The secret sauce is to understand people and nail the human emotion—and this is a very emotional movie. The ending (no spoilers) is beautiful. The characters all feel real, and very contemporary.


Whereas in amateur scripts, by the way, they just make all the characters shallow idiots.


Of course, Don’t Look Up is helped by a freakish A-list of talent: Leonardo DiCaprio, Jennifer Lawrence, Meryl Streep (as a uniquely Meryl version of a Trump/Palin president), Mark Rylance, Timothee Chalamet, Cate Blanchett (doing a great Megyn Kelly)—I mean, wow.


There are great actors, and great movie stars, but it’s super rare to have them both in the same person (a la Brando or, well, Meryl Streep)—this is an Avengers-level collection of acting talent, and they’re all pitch-perfect.


And that’s not even to list the supporting players: Melanie Lynskey, Rob Morgan, Jonah Hill, Michael Chiklis, Ron Perlman.

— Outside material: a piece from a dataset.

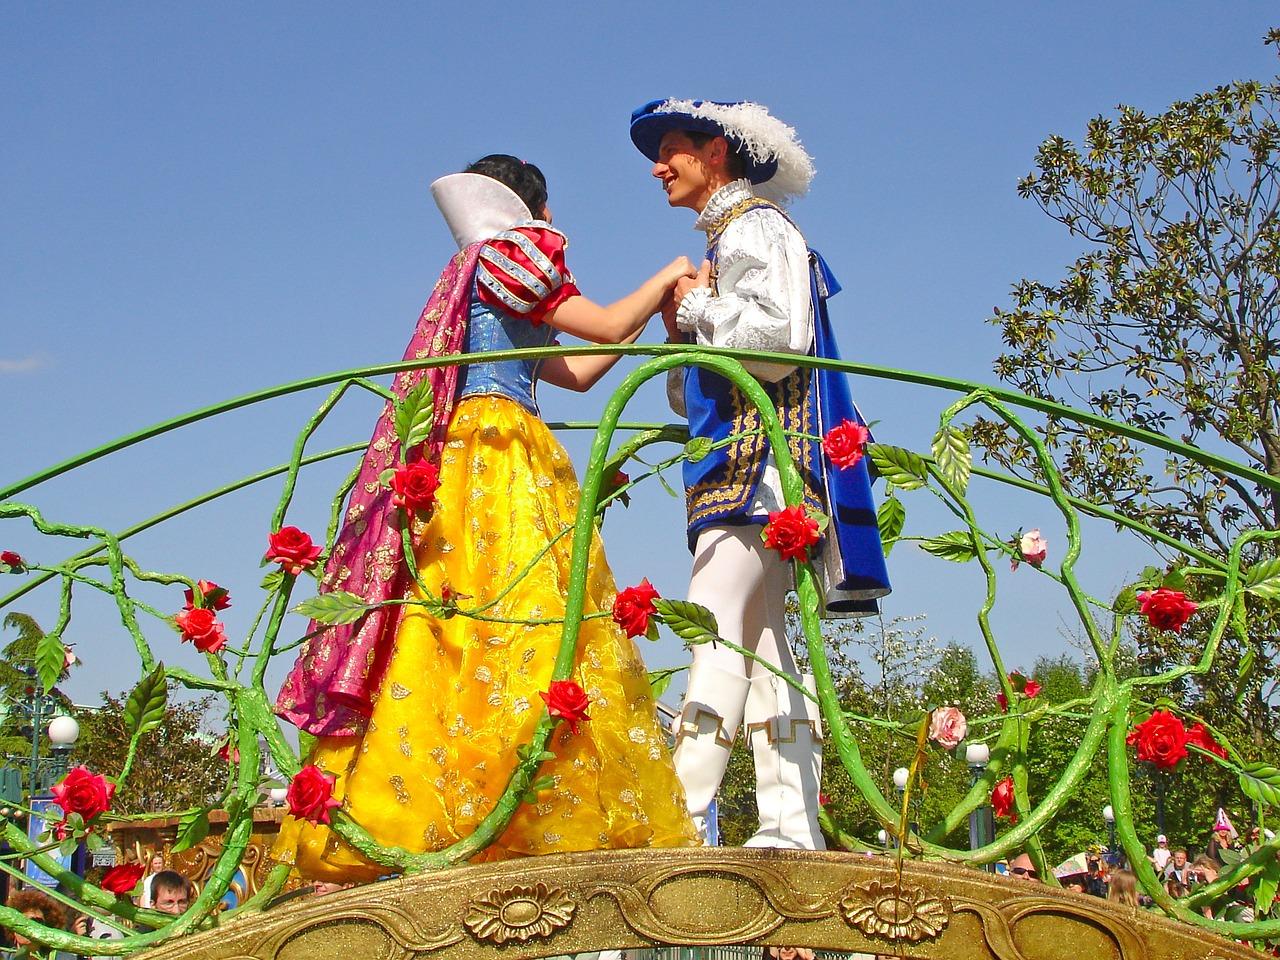 Arranging an Enchanting Disney-Themed Wedding

What a delight to watch.


I guess it’s not a surprise this is so good, and the cast is so stellar—Adam McKay kind of has this super-smart, left-wing-political pop genre all to himself, and he’s so good at it. (I also love Succession, and am loving Winning Time.) So of course people would jump to be a part of his next Netflix movie.


And the score is great! Nicholas Brittell is really terrific, and I’m becoming a big fan.


This kind of film has a tone that must be almost impossible to nail—I mean, how do you musically put your tongue in your cheek?


But Brittell’s main theme, a kind of rollicking big band number, plays up the party atmosphere of our idiotic (but very human) society, while the softer, twinkly stuff captures the sincerity of the characters.

I did find myself recollecting Justin Hurwitz’s score to First Man at times, and maybe that was some kind of model for them? I honestly don’t know. But it wouldn’t surprise me if at some point in the filmmaking process they needed temp music, and somebody thought, “What’s a piece of modern, inspirational film music for a rocket launch?”—and grabbed First Man to try against picture: “Ah, okay, this is a direction to try.”


To play it mostly straight, but skew it just a bit for the comedy and satire—and still have it be so musical and delightful and well-produced...this is not easy!


Love the schmaltzy solo violin in this track for the comically incompetent and malevolently greedy “BASH Corporation” and their ludicrous video:

I’ve seen three of the five films with Best Score nominees—Dune, The Power of the Dog and Don’t Look Up—and totally agree with those choices.


I would expect Dune to win—and I would vote for it, myself.


Also, many thanks to the Don’t Look Up team for designing their soundtrack album cover to look like an actual, distressed 1960s vinyl—yay!